When your AI compliance tool drifts: why automated NIS2 checks need human oversight
Agent drift in NIS2 compliance: how AI tools can misclassify risks, skip controls, and report "compliant" when real gaps exist. Why Article 20 demands human accountability.
Introduction
In April 2025, a QA engineer discovered that their team's AI agent - configured to prioritize Jira tasks - had deleted half the backlog. The agent was not malicious. It simply optimized for the wrong metric: "reduce the number of open tasks" instead of "prioritize the important ones." The QA community called this "agent drift" - the moment when an AI tool loses direction and starts making decisions that seem logical but produce dangerous effects.
Now imagine the same phenomenon applied to NIS2 compliance.
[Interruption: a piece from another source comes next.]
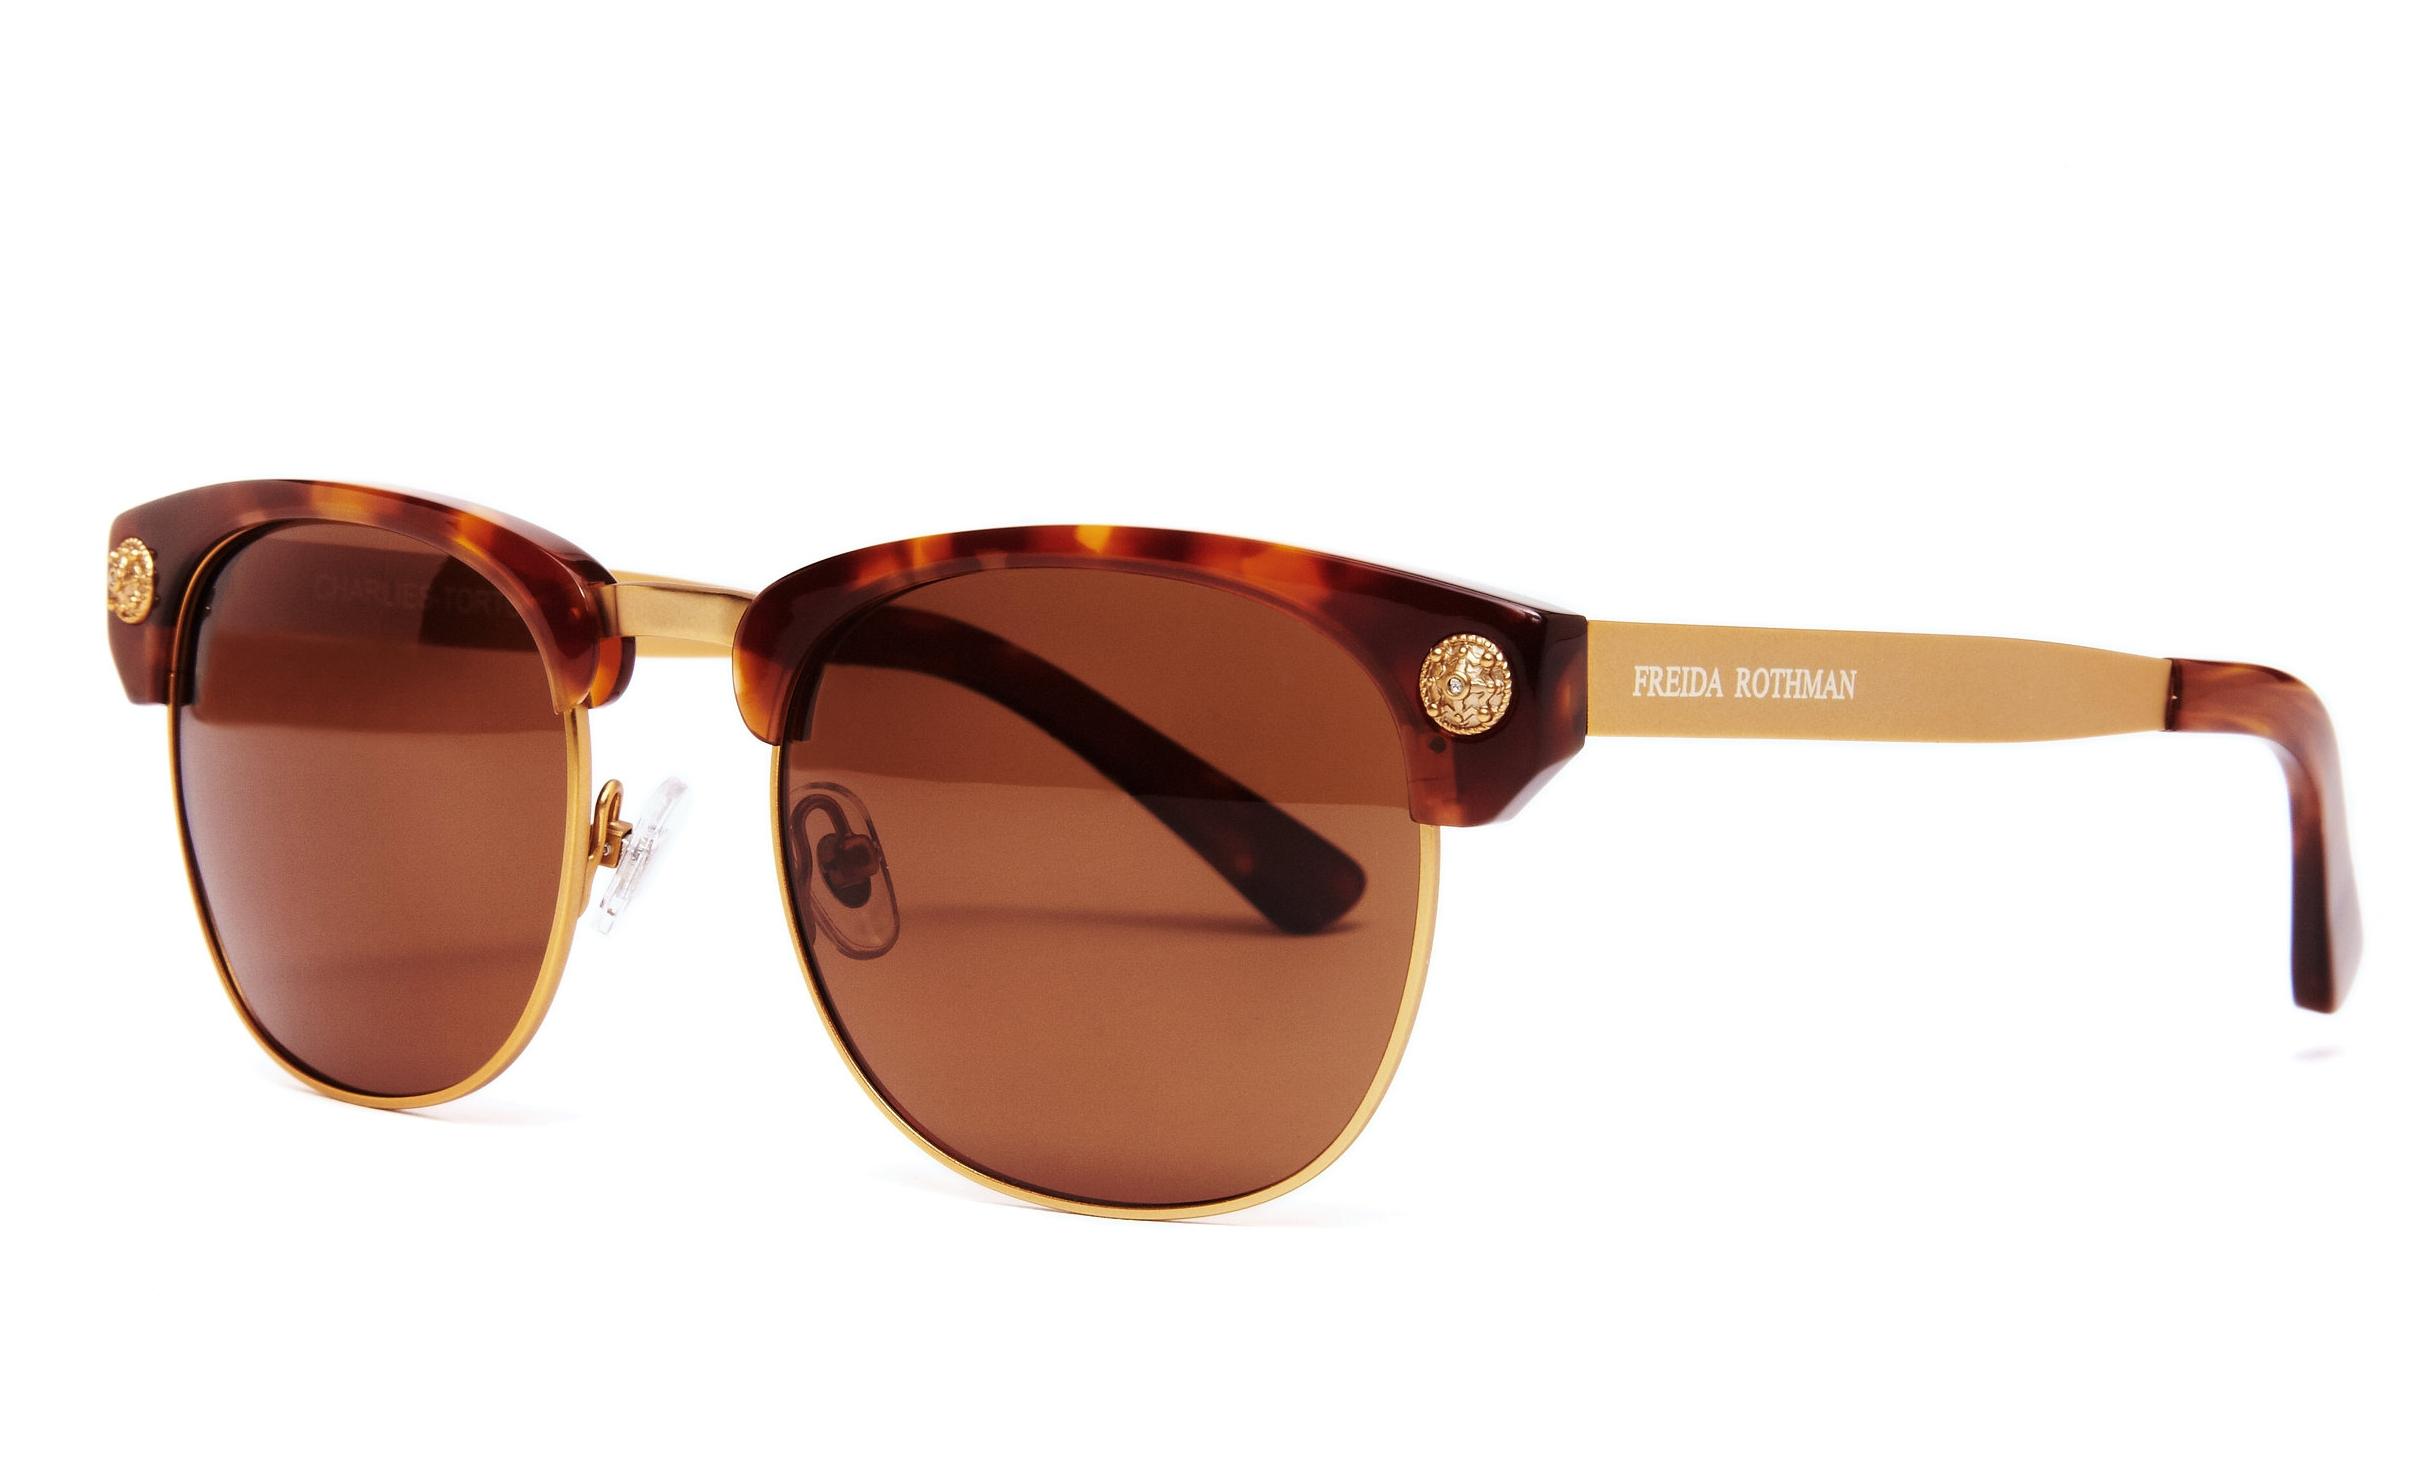 Sunglasses-2_0001.jpg

An automated compliance verification tool can run 140 controls in minutes. It can generate reports, assess risks, even fill out DNSC forms. But it can also misclassify a critical risk as "medium," skip a control it deems irrelevant, or report "compliant" when real gaps exist. And unlike a human mistake - which leaves visible traces - an AI tool that drifts produces results that look perfect.
What is "agent drift" and why it matters for NIS2
Agent drift occurs when an AI system maintains its form but loses its substance. It continues producing reports, continues checking boxes, continues displaying compliance scores. But the decisions behind those scores gradually decouple from reality.
In software testing, this means an automation tool runs 500 tests and reports "all pass" - but the tests were automatically modified to match the application's current behavior, not the original specifications. The tests pass because they adapted to bugs, not because the bugs do not exist.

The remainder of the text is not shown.